Beware of Possible Poisoning

In order to treat a plant-poisoning problem, it's important for you and your veterinarian to know specifically what plant your cat consumed. Since both common names and scientific names are used, make sure the identity is correct. If you're unsure, it might be good to go to a nursery or florist or bring the plant to your veterinarian for identification.

Though some plants are attractive, others aren't. According to Dr. Patricia Talcott, toxicologist, University of Idaho, the only plants cats seem to have an aversion to are those that contain insoluble calcium oxalate, such as elephant ear (Colocasia), philodendron and dieffenbachia (dumbcane). Don't assume that all cats are the same, however. Some seem to have a preference for this toxic substance. "We had cases of cats attracted to shamrock plants, which contain soluble oxalate and cause severe renal problems. I am not sure if they ever learn," she stated.

Ingestion of most plants, even if not seriously poisonous (like lawn grass or spider plants) causes gastrointestinal upset and vomiting. Common plants that are also poisonous are flowers such as amaryllis, daffodils (Narcissus), iris, hyacinth and honeysuckle. Azalea, rhododendron and hydrangea can be extremely toxic.

Some of the more dangerous plants are castor bean, foxglove, lily-of-the-valley, Japanese yew and oleander, which, in addition to vomiting, cause heart problems and possible death. One castor bean seed may kill. Christmas trees, pine needles and even water from around the base of Christmas trees can be poisonous, produce oral irritation, vomiting, diarrhea, lethargy, trembling and posterior weakness. Poinsettias aren't seriously poisonous, though they can cause GI irritation and vomiting. Mistletoe is deadly.

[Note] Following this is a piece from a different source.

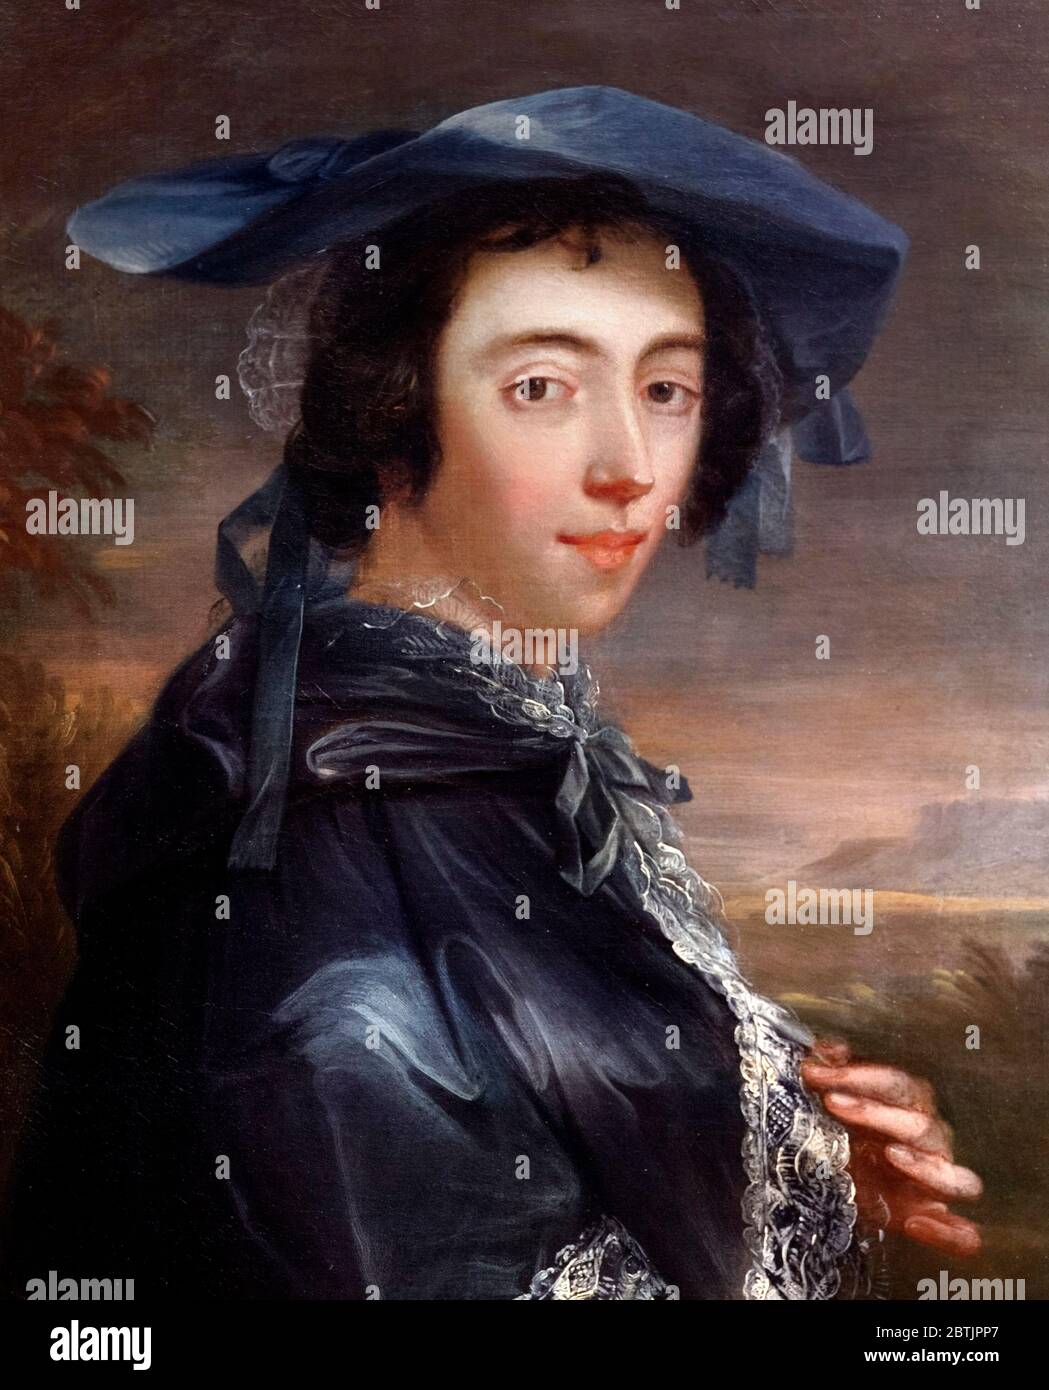 PEG Woffington (1720 – 1760), eine berühmte irische Schauspielerin in Georgian London. Porträt von John Lewis, Öl auf Leinwand, 1753 Stockfoto

According to Talcott and Dr. Robert Poppenga, toxicologist, University of Pennsylvania, the plant family that causes serious problems – but is often left off many lists of poisonous plants – are lilies, including the Easter lily, tiger lily and star-gazer lily. Among flowers, leaves and stems, it's most often flowers that are eaten. Dr. Talcott cautions, "This is a major cause of acute renal failure in the cat."

Creepy Crawly Poisons

Certain toxic insects, spiders and animals can be harmful to cats. Rattlesnakes, copperheads and coral snakes are common to the Southwest. Toads of the Bufo species, common to Florida, are very poisonous. Like certain snakes, the venoms from these animals affect the nervous system.

Bufo toad poisoning symptoms include drooling, head shaking, rapid heartbeat, muscular weakness and vomiting. Bufo toad toxin, stored in sacs around the neck and eyes of the toad, can kill a cat within an hour. In the southeast, the blue-tailed lizard or skink is a common but deadly plaything for cats. Spiders, including black widows and brown recluses, cause neuromuscular problems or severe tissue injury with a single bite. The wounds they leave are difficult to heal and can become infected.

Fire ants, wasps and bees can sting and cause pain and swelling, as well as anaphylaxis, an allergic reaction that can adversely affect breathing.

In order to protect your cat from possible poisoning, it's important to make sure you do the following:

  • Keep known poisonous plants/toxic items out of your cat's reach.

  • Watch for plants/toxic items that have been chewed on.

  • Watch your cat for symptoms of poisoning.

  • Take your cat to your veterinarian immediately if you suspect he has consumed a poisonous plant/toxic item.

  • Take a sample of the plant/toxic item with you to your veterinarian.